My main focus is in regulated industries such as Pharma, Financial Services and Energy – in particular within regulatory compliance
Enabling a stronger position on cyber security
(regulatory compliance)
Business context
My client was facing external regulatory requirements within cyber security. The regulatory requirements were to be met within a given timeline, if not met my client could face significant fines.
Objectives
Establish a stronger and clearer position on cyber security and regulatory compliance was needed (NIS2, ISO27001 and 27019, UK NIS CAF) – 2 different initiatives for the same client.
Meeting ISO certification requirements and UK NIS CAF basic profile as required by external authorities.
Build a stronger anchoring of Quality management and regulatory compliance in the daily work across delivering teams.
Approach
- Close cooperation with Operations and IT executives.
- An assessment of the current cyber security posture and key risks was made for risk mitigation
- Re-staffing was initiated and work was organized to be executionable and efficient as possible.
- Clear roles and responsibilities were defined and anchoring. New model was matured step-by-step in close corporation with new hires for the compliance team and other key roles.
- Confidence was built step-by-step. Uncertainty and frustrations were handled actively.
Outcome
ISO 27001 and 27019 was obtained for the legal entities in scope and within the timeline required by external authorities
UK NIS CAF basic profile was met for the legal entities in scope and within the timeline required by external authorities
NIS2 compliance was enabled by strengthening the quality and compliance setup for the functions in scope and by ensuring risk based prioritisation of cyber security initiatives.

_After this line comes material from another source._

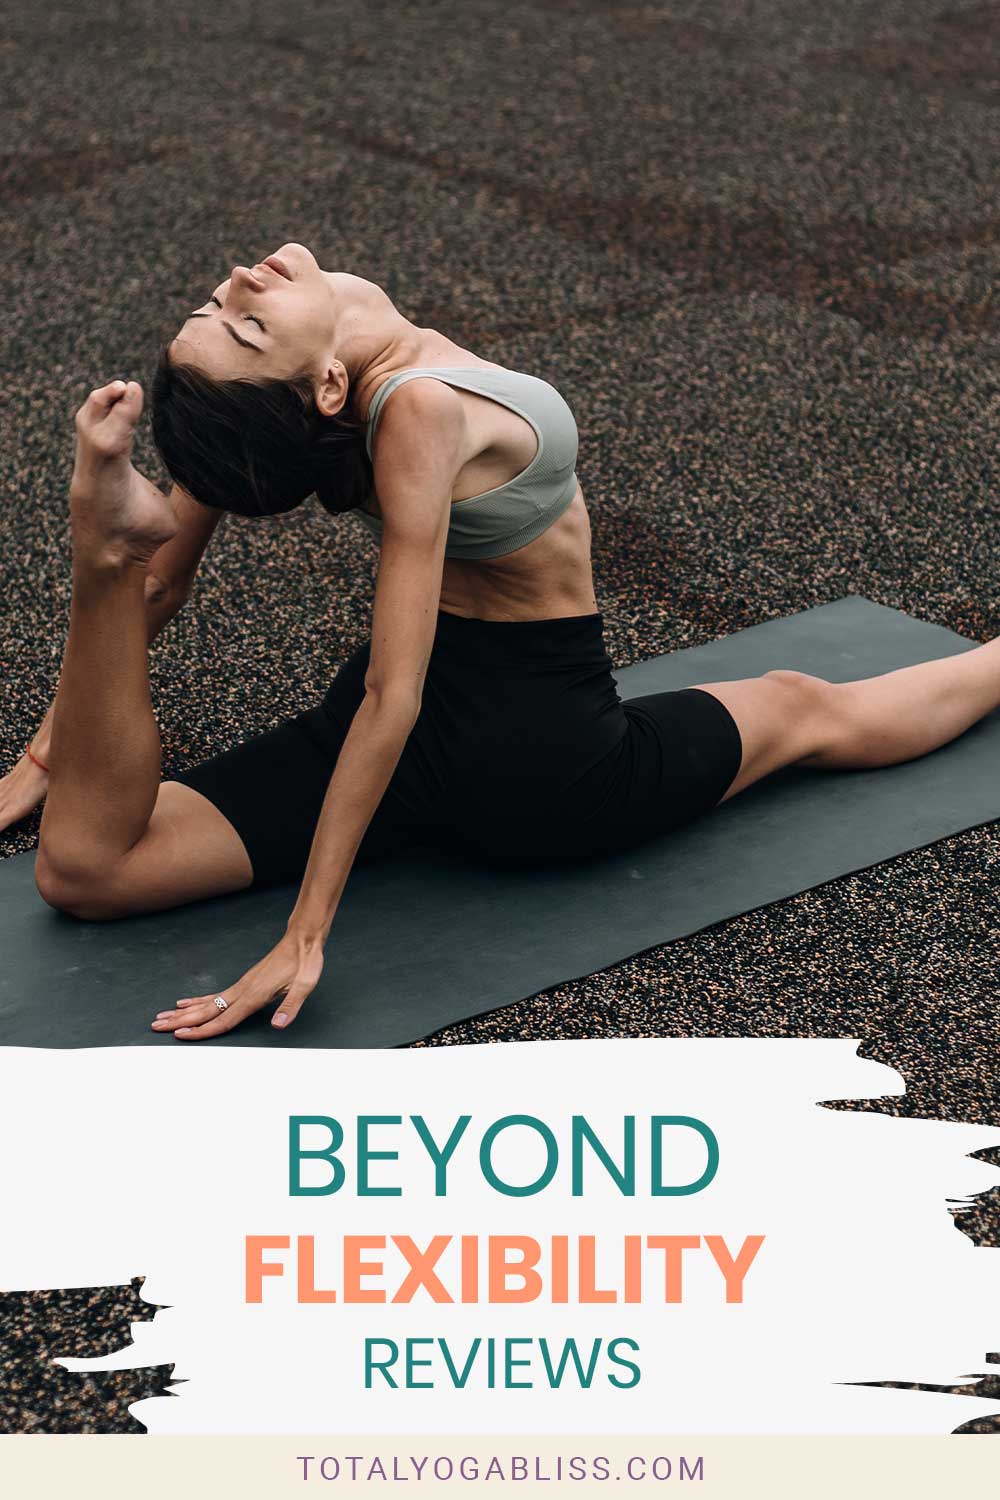 Woman doing a split on a black yoga mat - Beyond Flexibility Reviews.

Re-activating the HR programme
Business context
A global HR programme was critical to adapt to a new and more global business context.
First go-lives were approaching fast and the target was to keep the first deadlines.
Objectives
Re-design and roll-out all major HR business processes to work in global context across all entities.

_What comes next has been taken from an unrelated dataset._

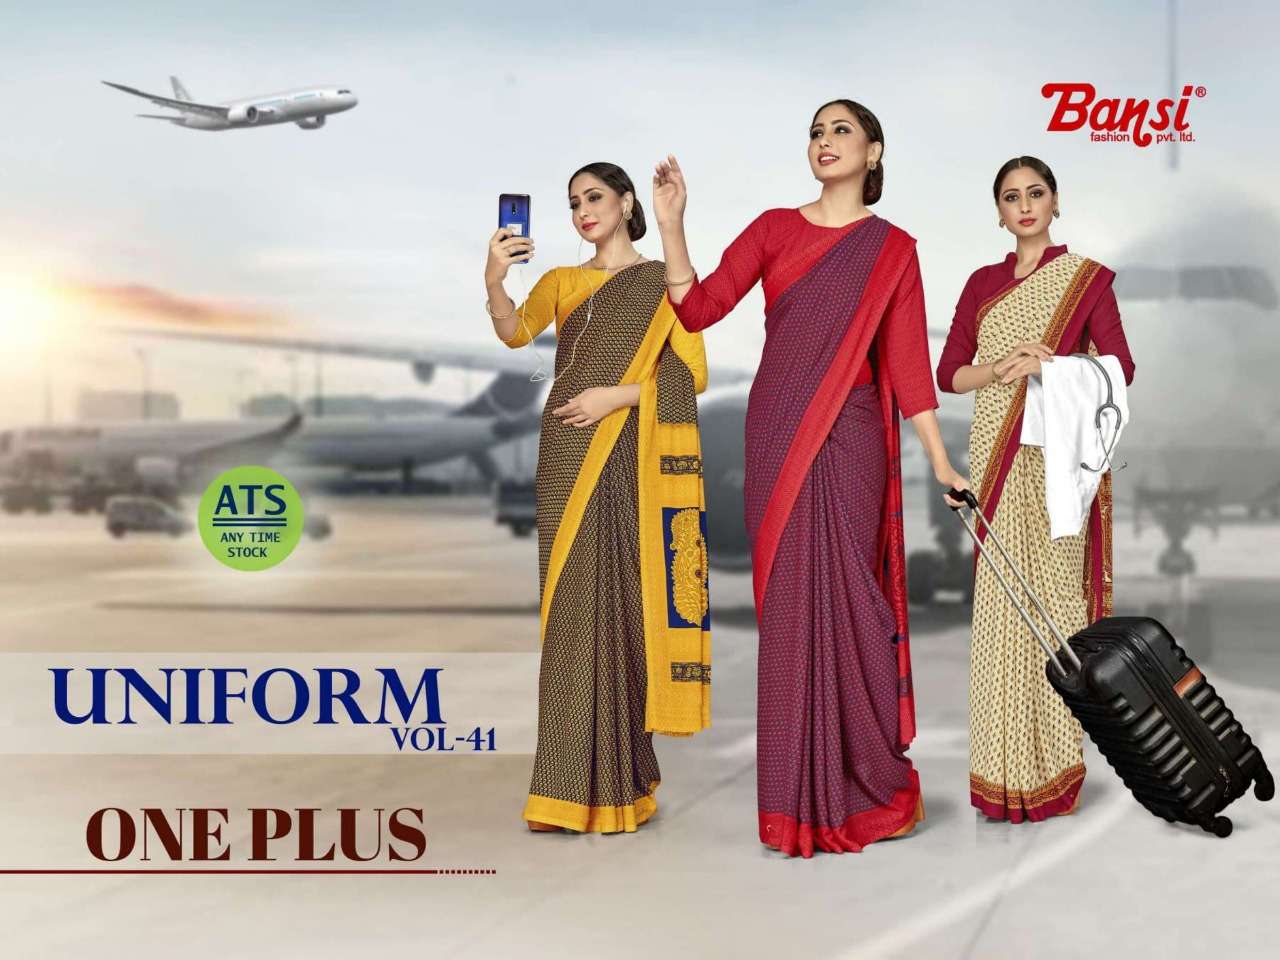 bansi uniform vol 41 one plus butter crepe air hostess uniform sarees collection

Design and implement a new global IT HR platform based on the revised global HR processe.s
Approach
- Close cooperation with HR executives.
- An assessment of the potential and pain points was made fast.

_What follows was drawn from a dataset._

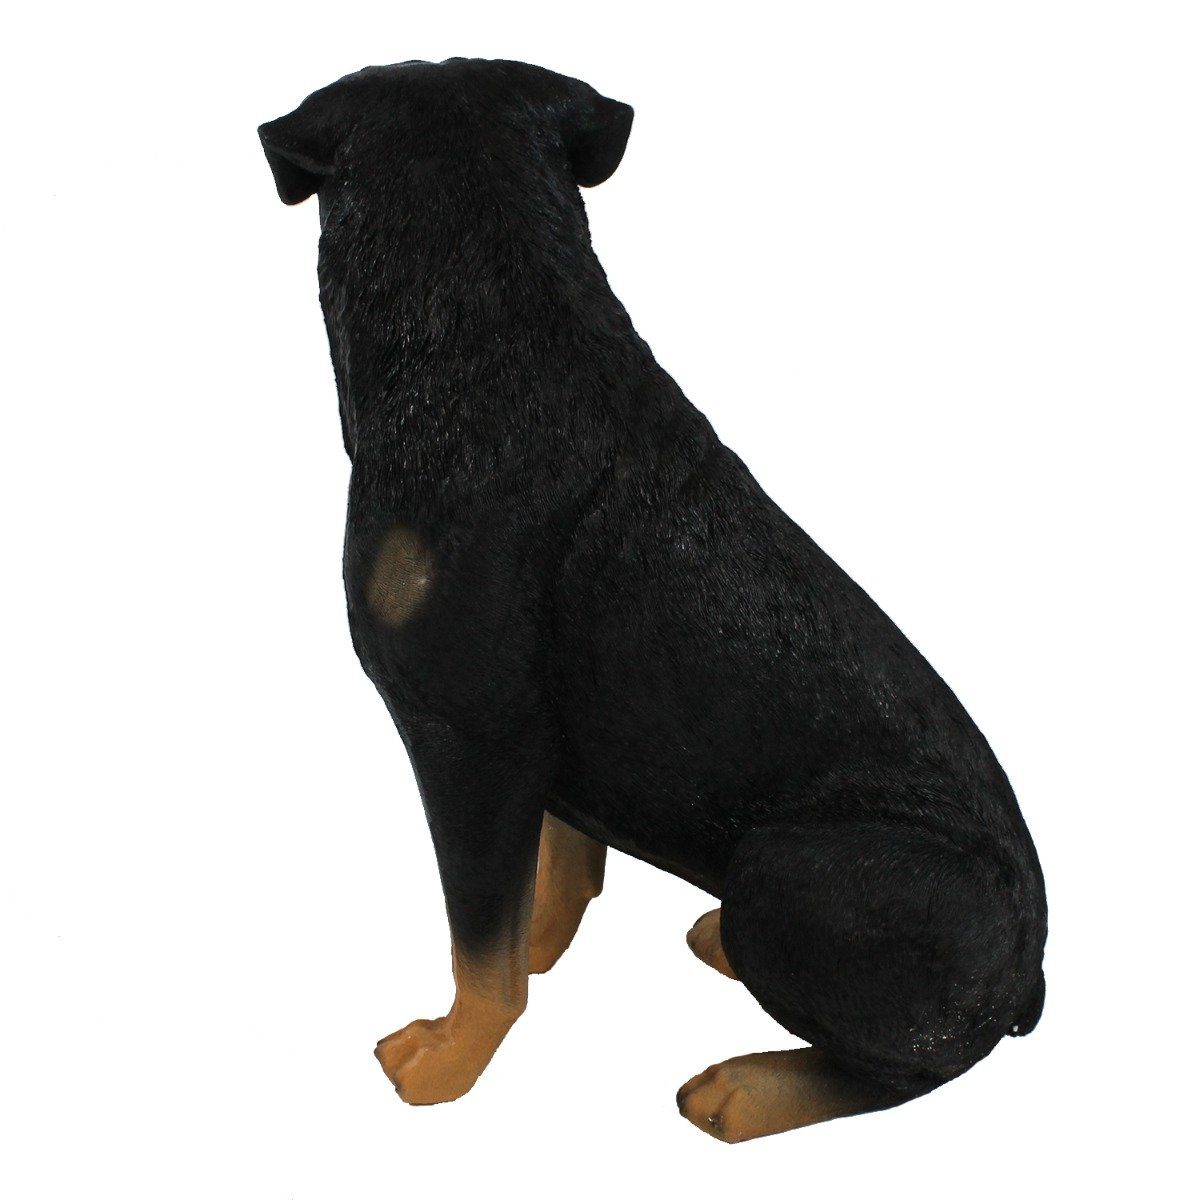 Tierfigur Darstellung Rottweiler realistische Tierfigur sitzend Filzplättchen, handbemalt, Figur Hund colourliving mit Hunde 30cm,

- Replanning was conducted where both timeline and cost were revised.
- First go-lives kept as planned.
- Clear roles and responsibilities agreed.
- New roles were introduced.
- The programme mindset was gradually changed.
- Uncertainty and frustrations were handled actively.
Outcome
The revised global HR processes were implemented in a per process/module go-live schedule.
The agreed timeline was met below budget.
GDPR programmes in the pension and the pharmaceutical industries
Business context
GDPR was being introduced and the uncertainty of how to handle this new legislation was significant. Little concrete legal guidance was available.
There was a clear business objective to be compliant at the effective date.
Objectives
Understand the GDPR as legislation and design the implementation thereof across the organisation
Enable the organisation to meet the GDPR requirements through competency development and an operating model.
Approach
- Active involvement of top management and alignment with expectations from board of directors.
- A full company assessment of the scope was conducted for data, governance, business processes, IT systems and 3rd party provided was conducted on high level for risk assessment, clear prioritization and agreement on approach.
- A communication and training strategy was designed and followed to make it easier for employees to adopt this new mindset.
- Projects were designed and implemented to effectively implement in relevant business areas.
Outcome
Successful introduction of this new mindset for how to protect personal data in a global company. A lift of compliance maturity in the impacted business areas.